ECLI:NL:HR:2021:302
Hoge Raad
- Artikel 80a RO-zaken
- Rechtspraak.nl
Cassatieberoep tegen uitspraak Rechtbank Gelderland inzake navorderingsaanslag inkomstenbelasting
In deze zaak heeft de Hoge Raad op 26 februari 2021 uitspraak gedaan in het cassatieberoep van [X] te [Z] tegen de Staatssecretaris van Financiën. Het beroep was gericht tegen een uitspraak van de Rechtbank Gelderland van 20 augustus 2020, waarin het verzet van belanghebbende tegen een navorderingsaanslag in de inkomstenbelasting/premie volksverzekeringen over het jaar 2015 werd behandeld.
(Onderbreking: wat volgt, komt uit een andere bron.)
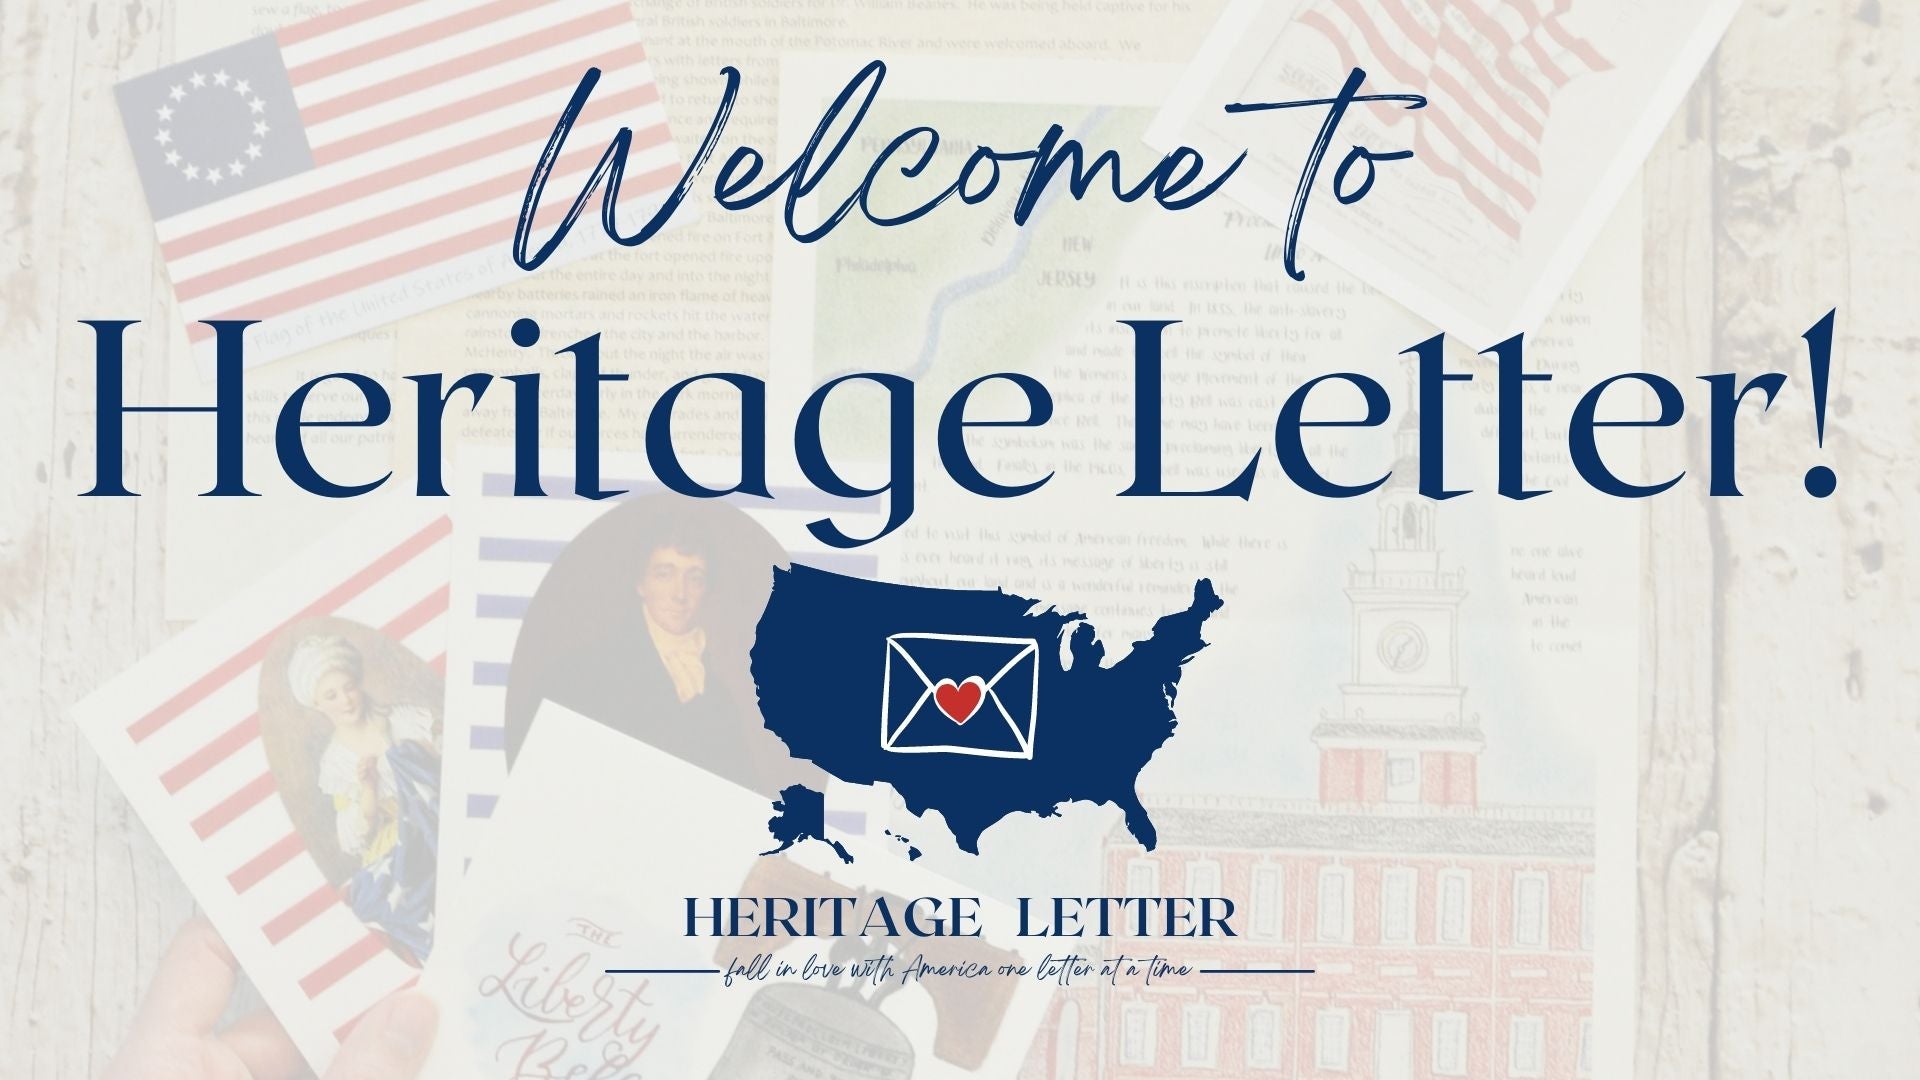 Load video: Welcome to Heritage Letter!

De Hoge Raad heeft de ontvankelijkheid van het cassatieberoep beoordeeld en geconcludeerd dat de klachten over de uitspraak van de Rechtbank niet kunnen slagen. Daarom heeft de Hoge Raad besloten om het beroep in cassatie niet-ontvankelijk te verklaren, gebruikmakend van artikel 80a van de Wet op de rechterlijke organisatie. Tevens heeft de Hoge Raad geen aanleiding gezien om een veroordeling in de proceskosten uit te spreken. Deze beslissing is openbaar uitgesproken en is genomen door de raadsheer J. Wortel als voorzitter, samen met de raadsheren A.F.M.Q. Beukers-van Dooren en P.A.G.M. Cools, in aanwezigheid van waarnemend griffier F. Treuren.